By this time Charles was already feeling chilled. The raspberry syrup and the cups of strong tea had estranged him. This perfect girl, he thought, ought to be choice too in her food, ought instinctively to reject things out of bottles, and have no desire for a second helping of obviously bad pastry. Still, she was very young. He too, at Eton, had liked bad tuck. After all, queer as it seemed, she had only got to the age he was at then.

He made excuses for her; and, it appearing to him important that he should be in possession of more facts about her than those Laura had told him the evening before, said encouragingly, ‘Do mention them.’

Sally did. She mentioned everybody and everything; and soon he knew as much about her hasty marriage, hurried on within a fortnight to the first man who came along, her return from her honeymoon to South Winch, the determination of her mother-in-law to keep her apart from her husband, her flight, helped by her father-in-law, back to her father, his rejection of her, and her intention to rejoin her husband next day at Cambridge whether he liked it or not, as he could bear.
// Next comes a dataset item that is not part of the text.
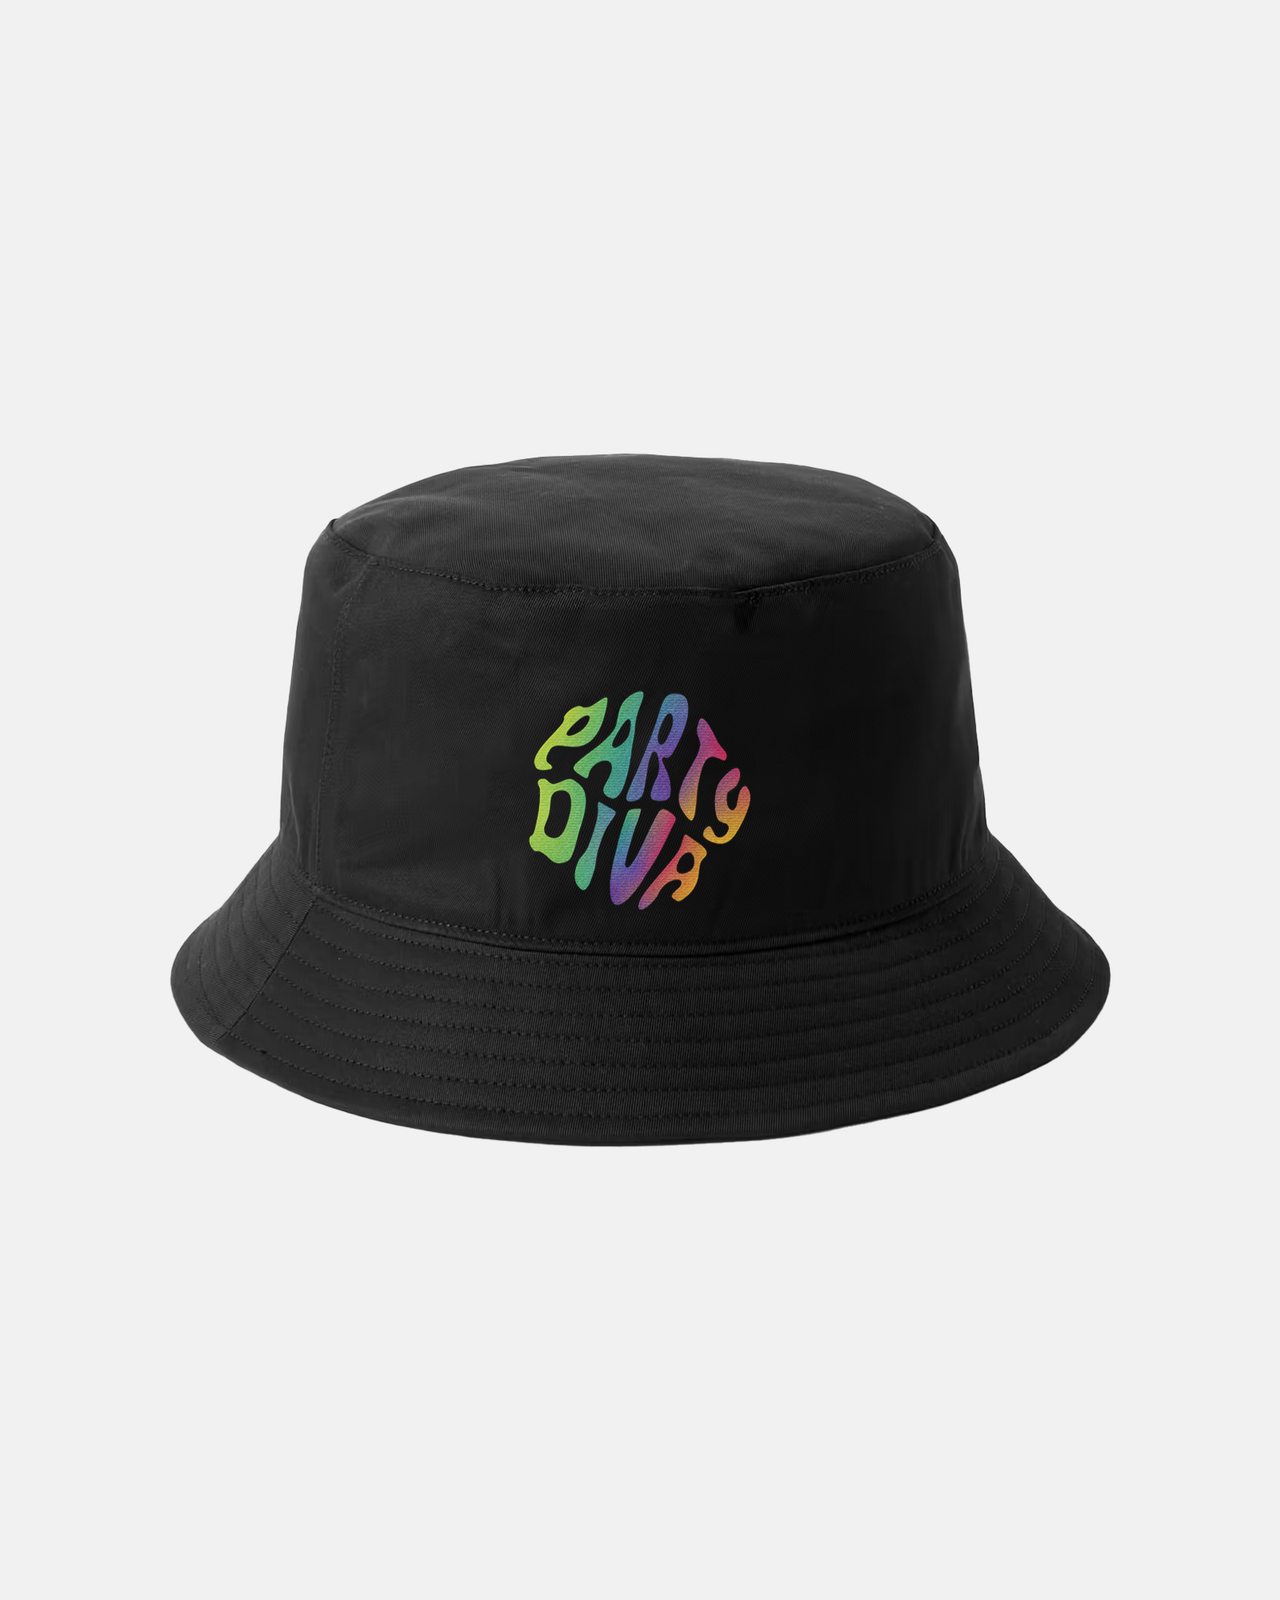 Party Diva Gradient Bucket Hats

He couldn’t bear much. It wasn’t only how she said it, but what she said. Charles, who had at first been afflicted by her language, was now afflicted by her facts. He shifted uneasily in his chair. He smoked cigarette after cigarette. His thin brown face was flushed, and he looked distressed. In that strange, defective, yet all too vivid speech which he so deeply deplored, she drew for him a picture of what seemed sheer exploitation, culminating in his own sister’s flinging herself hilariously into the game. This child; this helpless child, who would obey anybody, go anywhere, do anything she was told—in Charles’s eyes, as he listened and drew her out, she became the most pathetic thing on earth. Everybody, it appeared, first grabbed at her and then wanted to get rid of her. Everybody; himself too. Yes, he too had grabbed at her, under a mealy-mouthed pretence of helping her, and now he too wanted—not to get rid of her, that seemed too violent, too brutal a way of putting it, but to hand her over, to pass her on, to send her back to that infernal young Luke, who himself was trying to escape from her and leave her to his mother. And the courage of the child! It was the courage of ignorance, of course, but still it seemed to Charles a lovely thing, that was afraid of nothing, of no discomfort, of no hard work, if only she might be with her husband in their own home. Charles discovered that that was Sally’s one wish, and that her simple ambition appeared to be to do what she called work her fingers to the bone on behalf of that odious youth.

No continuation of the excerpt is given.